1.1    Purchase and Sale of Shares.  Subject to the terms and conditions of this Agreement, the Investor agrees to purchase at the Closing, and the Company agrees to sell and issue to the Investor at the Closing, free and clear of any and all Encumbrances, that number of shares of Voting Common Stock (the “Purchased Shares”) equal to (x) the Cash Purchase Price (as hereinafter defined) divided by (y) the Agreed Issue Price.  On the Closing Date, the Investor shall pay to the Company an amount in cash equal to the Cash Purchase Price, which shall be paid by wire transfer of immediately available funds into an account designated in writing by the Company not less than three Business Days prior to the Closing Date and concurrently therewith, the Company shall issue and deliver to the Investor the Purchased Shares.
 
For purposes of this Agreement, (a) except as otherwise provided in Section 1.2, the “Cash Purchase Price” shall equal up to the greater of (i) USD$2,400,000,000 or (ii) such other amount as the Investor may determine, in either case minus the aggregate gross proceeds of the Financing Rights Offering to the extent such amount is received prior to Closing, and (b) subject to adjustment as provided in Section 1.3, the price per share of Voting Common Stock (the “Agreed Issue Price”) shall equal the product of (i) USD$10.00, multiplied by (ii) a fraction, (A) the numerator of which shall be the Target Offer Price and (B) the denominator of which shall be 535.3p.
 
 

 
 
1.2    Notification of Cash Purchase Price.  The Investor shall notify the Company of the Cash Purchase Price pursuant to a Notification and, if applicable, an Amendment Notification, delivered in accordance with the terms of the MCSA.  In the event that the Investor determines (having taken into account the amount of available Debt Financing, as defined in and pursuant to the MCSA), that less cash is required to pay the Firm Offer Costs, the Investor shall have the right to reduce the Cash Purchase Price and shall notify the Company of such reduction by Notification or Amendment Notification, as applicable.

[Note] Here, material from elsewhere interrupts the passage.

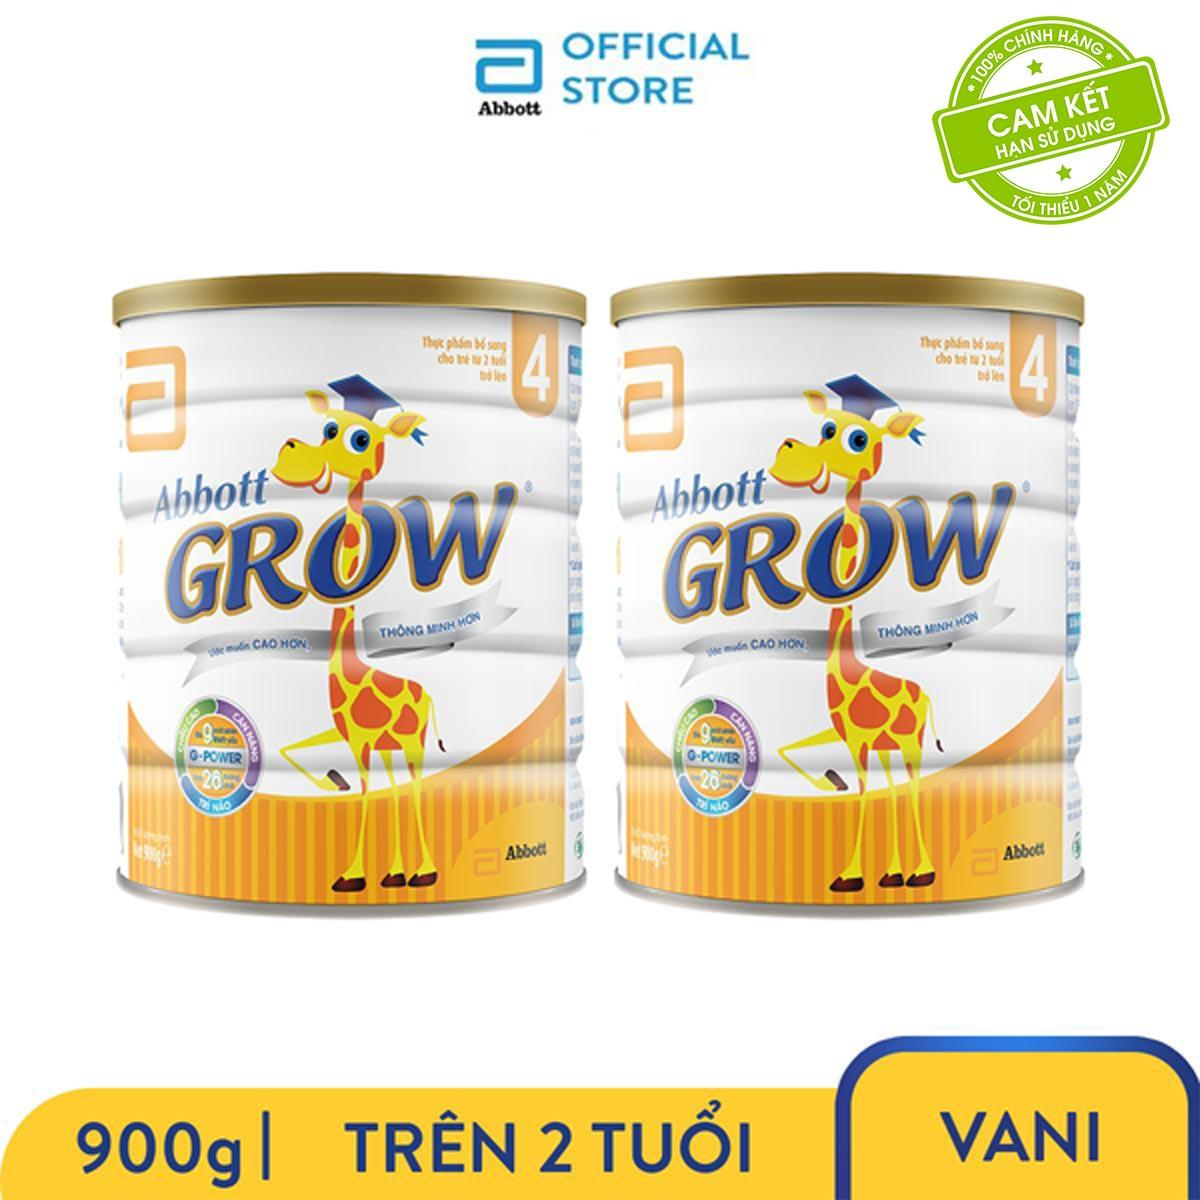 Voucher Khuyến Mại Bộ 2 Sữa Bột Abbott Grow 4 (G-Power) Hương Vani 900g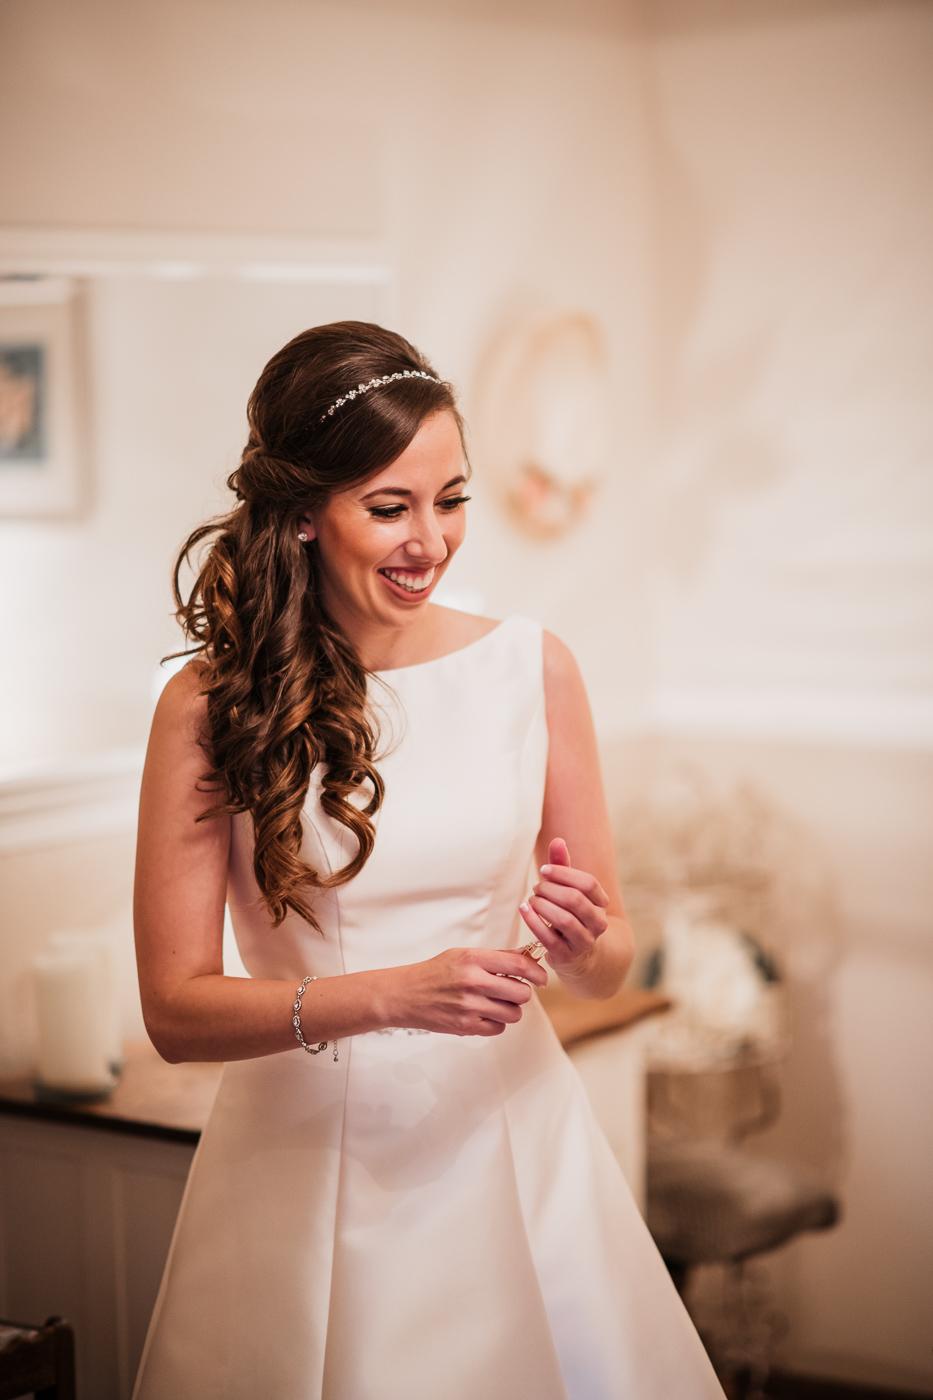 Candice Rawlin Wedding PHOCO Photography Pines Genesee Golden Colorado Fog -3.jpg

1.3    Adjustment of Agreed Issue Price.  The Agreed Issue Price shall be equitably adjusted to reflect any changes to the Company's capital structure that may occur between the date hereof and the Closing, provided, however, that no such adjustment shall be made for any shares of Common Stock issued by the Company to Harbinger in exchange for the Contribution Assets, the Sponsor Fee Shares and any warrants granted to Harbinger pursuant to the Securities Purchase Agreement. Such changes to the Company's capital structure may include, but are not limited to, stock consolidations, stock splits, interim rights offerings, non-cash distributions, spin-offs, reclassifications, schemes of arrangements, payments of cash dividends or other similar transactions.

1.4    Use of Proceeds.  The Company agrees that the net proceeds from the purchase and sale of the Purchased Shares shall be used solely to pay the Firm Offer Costs.
 
ARTICLE II
CLOSING

2.1    Closing.  The closing of the transactions described in Section 1.1 (the “Closing”) will take place at the offices of Weil, Gotshal & Manges LLP, 767 Fifth Avenue, New York, NY 10153 on the date (the “Closing Date”) that is three (3) Business Days after Completion or at such other time and place as the Company and the Investor mutually agree in writing.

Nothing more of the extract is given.